TASK ITEM:
Retype the listing exactly. Leave out the images.

DATA BELOW:
== Segment start ==
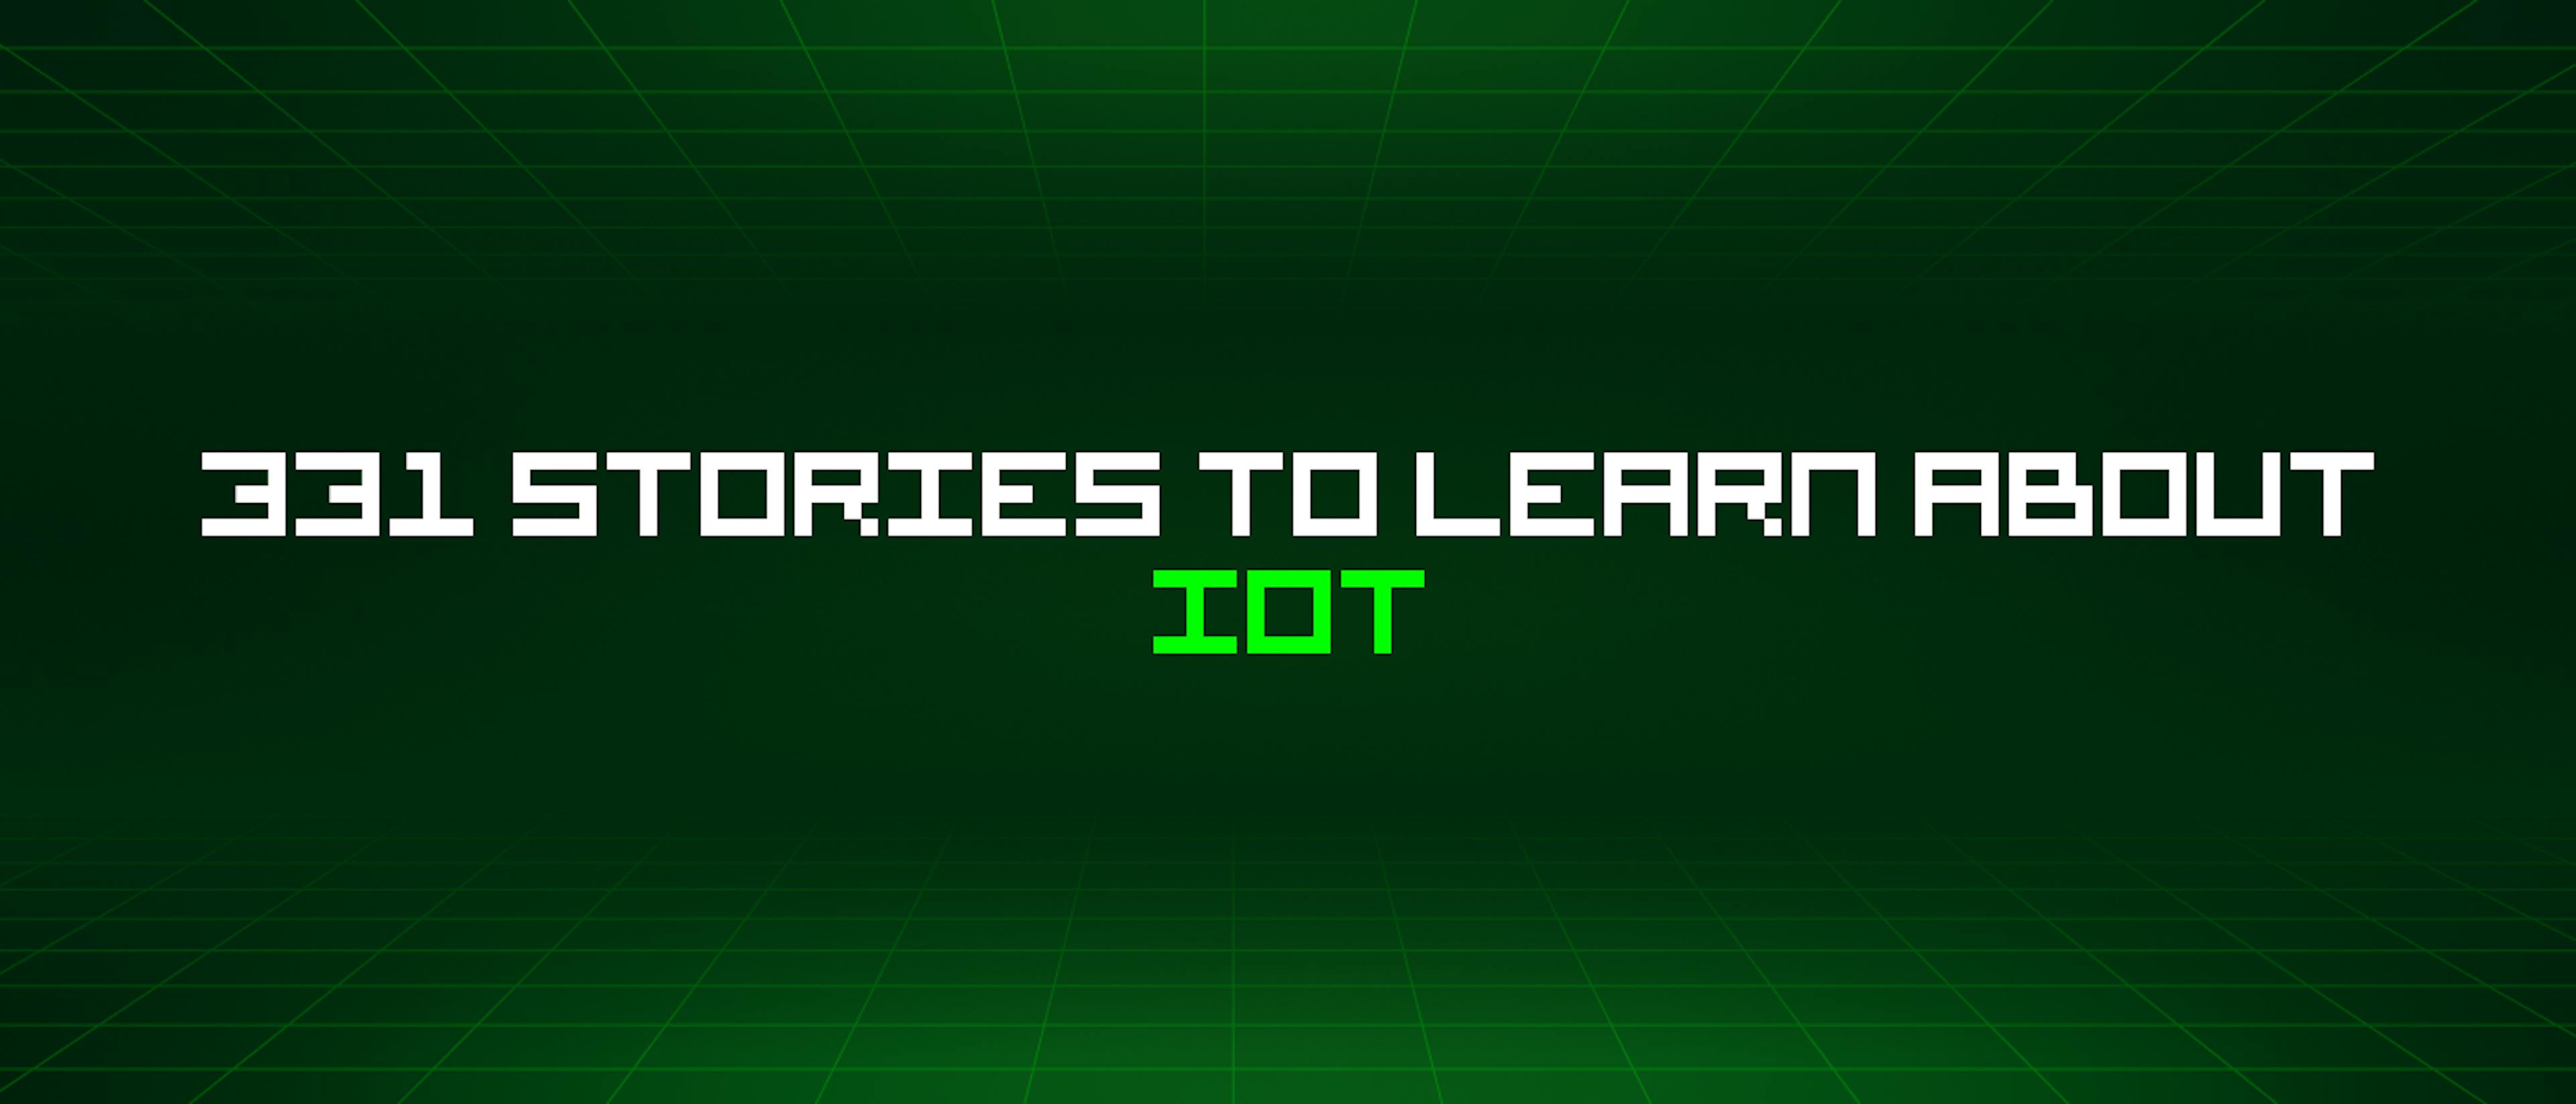 featured image - 331 Stories To Learn About Iot
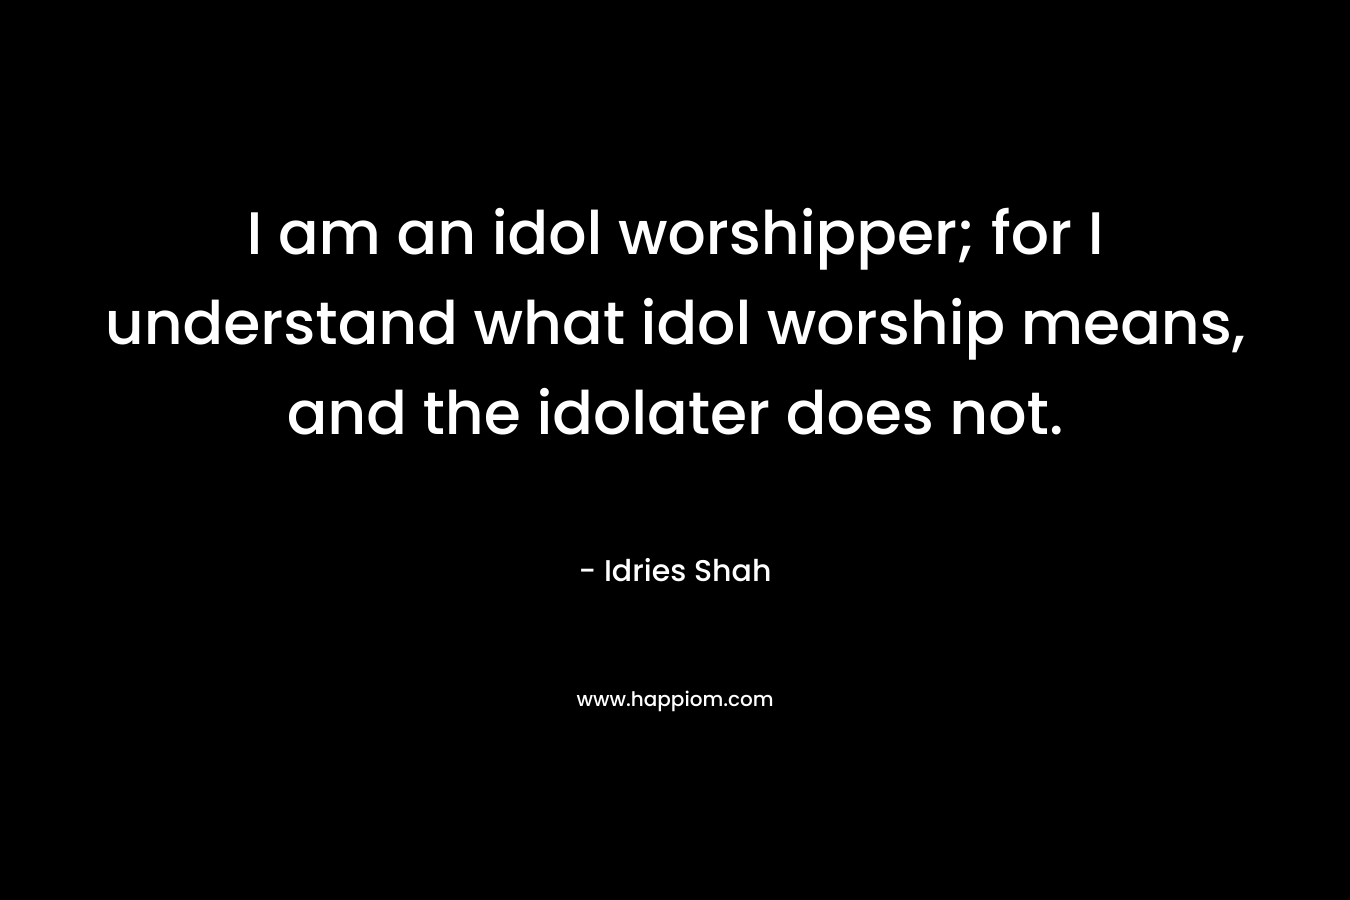 I am an idol worshipper; for I understand what idol worship means, and the idolater does not.
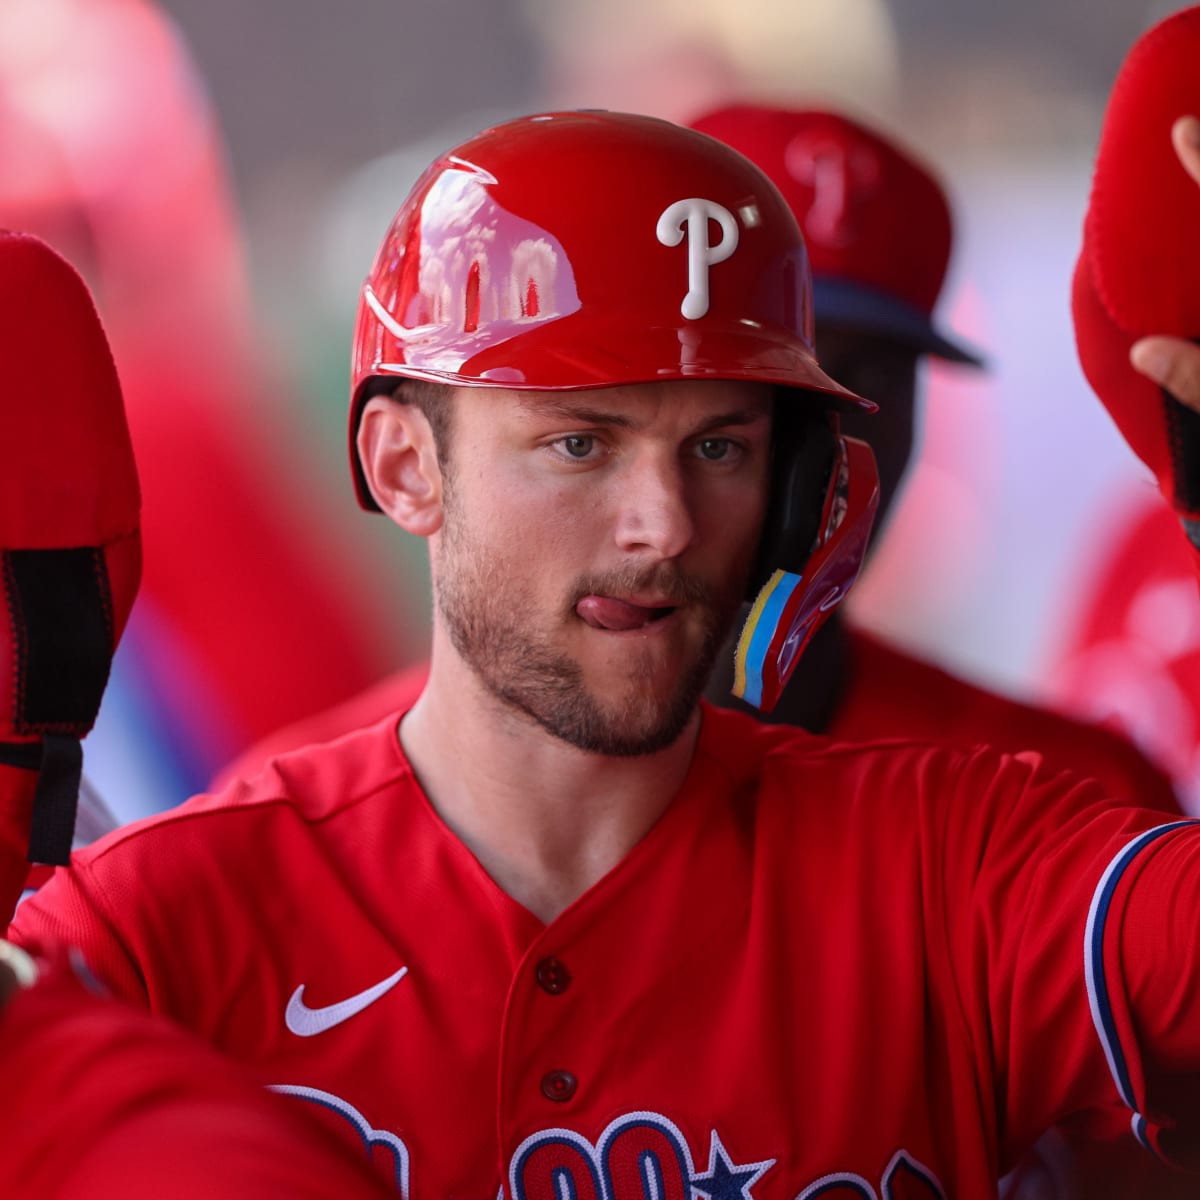 All About Trea Turner, the Philadelphia Phillies Star Dominating
== Segment end ==
EXERCISE RESPONSE:
 featured image - 331 Stories To Learn About Iot
 I am an idol worshipper; for I understand what idol worship means, and the idolater does not.
 All About Trea Turner, the Philadelphia Phillies Star Dominating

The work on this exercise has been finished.